Hi There,
I have setup as follows
1. Host server - RHEL 7.0 + Virtualization (QEMU) installed mlnx_fw_nic_3.0-1.0.1.2_rhel7_x86-64.bin with SR-IOV on a mellanox CX-3 card
2. Created KVM guests and passed VFs to each guests. Installed MLNX_OFED_LINUX-3.0-2.0.1-rhel7.1-x86_64.iso for the guests
When try to do rdma connect without any default routes added then dtest works fine. but when i added route to the network based on a L3 ip i created on the switch connect timesout.. i didn't get any roce-mode so its still rocev1, why does connect work when routes are added?
# dtest -P roce1
2230 Running as server - roce1 v2
2230 Local Address AF_INET - 10.1.1.121 port 45248
2230 Server is waiting for client connection to send server info
2230 Server waiting for connect request on port b0c0
2230 Waiting for connect response
2230 CONNECTED!
2230 Send RMR msg to remote: r_key_ctx=0x60020b0d,va=0x7fb52c84b000,len=0x400000
2230 remote RMR data arrived!
2230 Received RMR from remote: r_iov: r_key_ctx=30020b0f,va=7f10bf6eb000,len=0x400000
2230 Query EP: LOCAL addr 10.1.1.121 port b0c0
2230 Query EP: REMOTE addr 10.1.1.122 port ae6b
2230 RDMA WRITE DATA with SEND MSG
2230 Sending RDMA WRITE completion message
2230 inbound rdma_write; send message arrived!
2230 Received RMR from remote: r_iov: r_key_ctx=30020b0f,va=7f10bf6eb000,len=0x400000
2230 SERVER: RDMA write buffer contains: client RDMA write data...
2230 RDMA READ DATA with SEND MSG
2230 Sending RDMA read completion message
2230 Waiting for inbound message....
2230 inbound rdma_read; send message arrived!
2230 Received RMR from remote: r_iov: r_key_ctx=30020b0f,va=7f10bf6eb000,len=0x400000
2230 SERVER: RCV RDMA read buffer contains: client RDMA read data...

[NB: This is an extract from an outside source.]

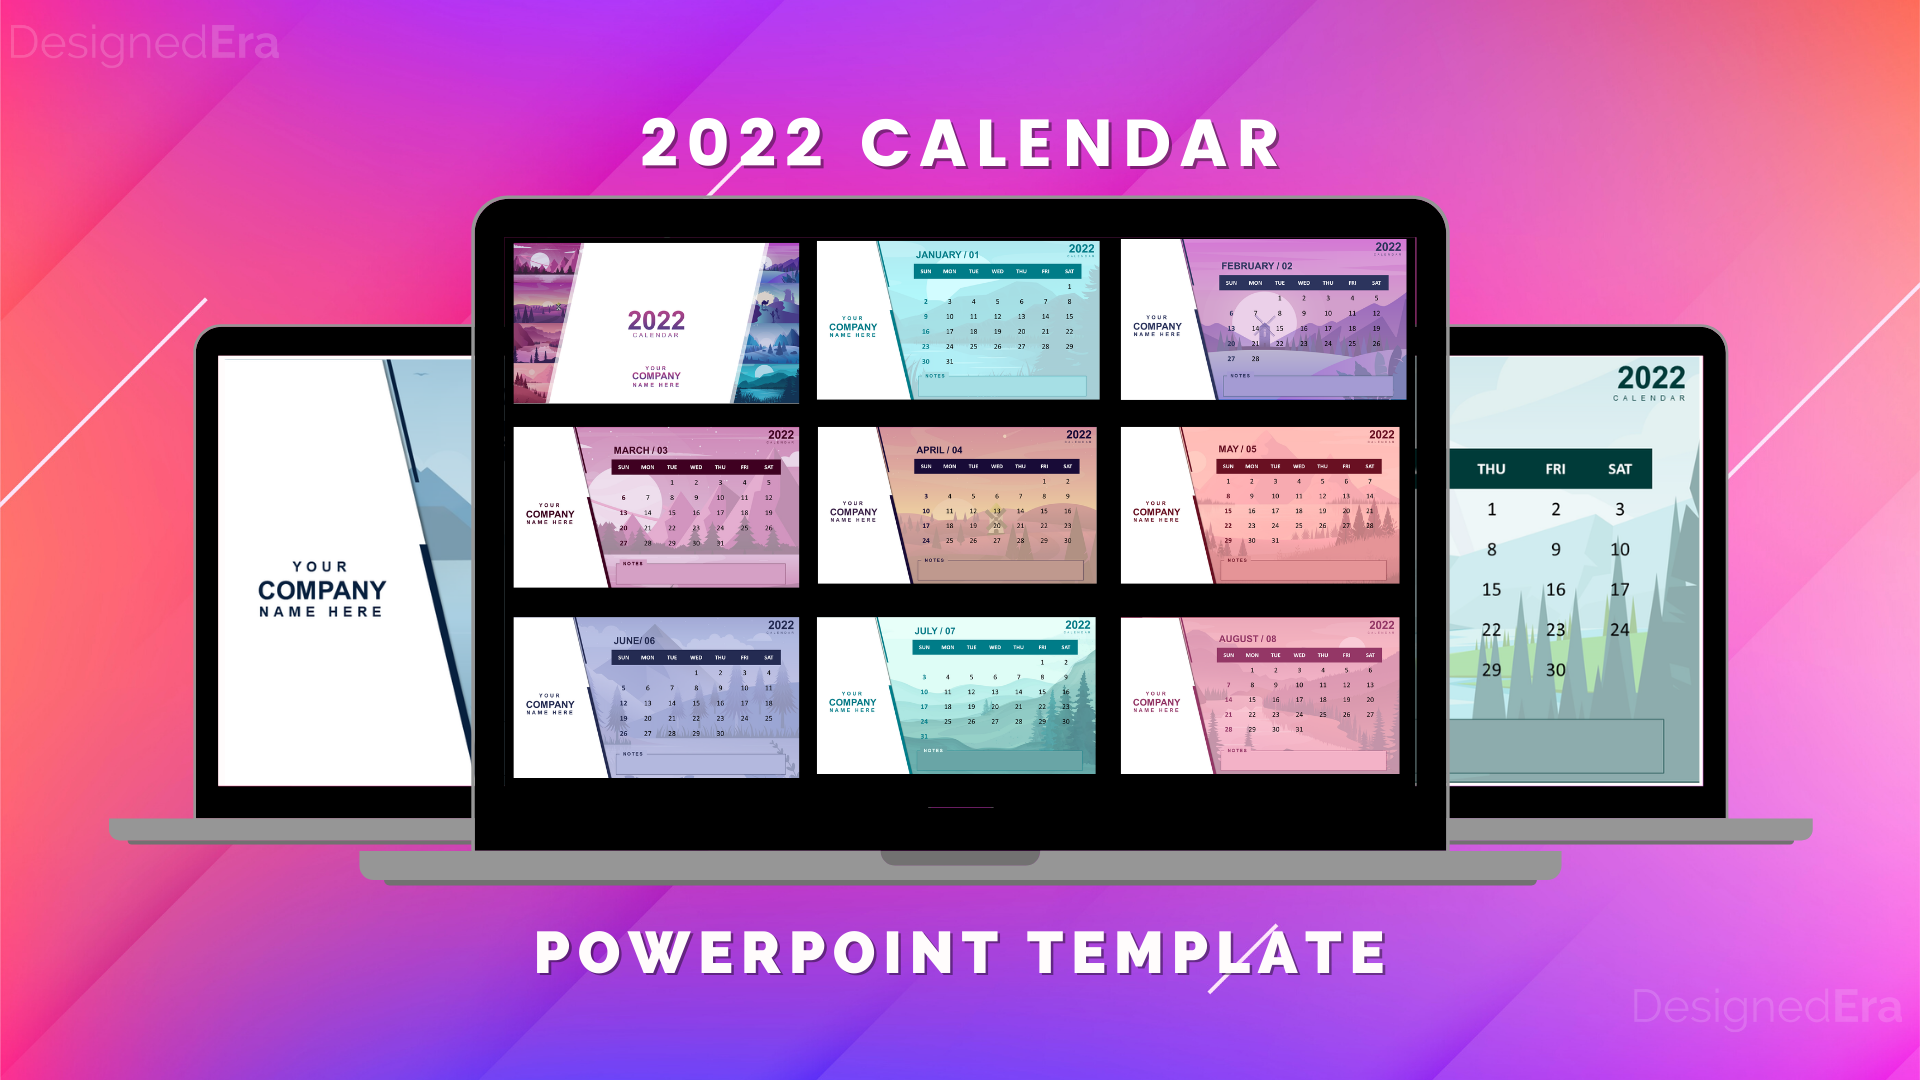 2022-calendar-powerpoint-template-designedera

2230 PING DATA with SEND MSG
2230: Message RTT: Total=1095998.05 usec, 100 bursts, itime=10959.98 usec, pc=0
2230: RDMA write (bi-direction): Total=367049.93 usec, itime=1835.25 us, poll=0, 200 x 4194304, 2285.41 MB/sec
2230: DAPL Test Complete. PASSED
[root@ps1vm2 ~]# dtest -P roce1 -h 10.1.1.121
12870 Running as client - waiting for server input
12870 Running as roce1 client v2
12870 Local Address AF_INET - 10.1.1.122 port 45248
12870 Server Name: 10.1.1.121
12870 Server Net Address: 10.1.1.121 port b0c0
12870 Waiting for connect response
12870 CONNECTED!
12870 Send RMR msg to remote: r_key_ctx=0x30020b0f,va=0x7f10bf6eb000,len=0x400000
12870 remote RMR data arrived!
12870 Received RMR from remote: r_iov: r_key_ctx=60020b0d,va=7fb52c84b000,len=0x400000
12870 Query EP: LOCAL addr 10.1.1.122 port ae6b
12870 Query EP: REMOTE addr 10.1.1.121 port b0c0
12870 RDMA WRITE DATA with SEND MSG
12870 Sending RDMA WRITE completion message
12870 inbound rdma_write; send message arrived!
12870 Received RMR from remote: r_iov: r_key_ctx=60020b0d,va=7fb52c84b000,len=0x400000
12870 CLIENT: RDMA write buffer contains: server RDMA write data...
12870 RDMA READ DATA with SEND MSG
12870 Sending RDMA read completion message
12870 Waiting for inbound message....
12870 inbound rdma_read; send message arrived!
12870 Received RMR from remote: r_iov: r_key_ctx=60020b0d,va=7fb52c84b000,len=0x400000
12870 CLIENT: RCV RDMA read buffer contains: server RDMA read data...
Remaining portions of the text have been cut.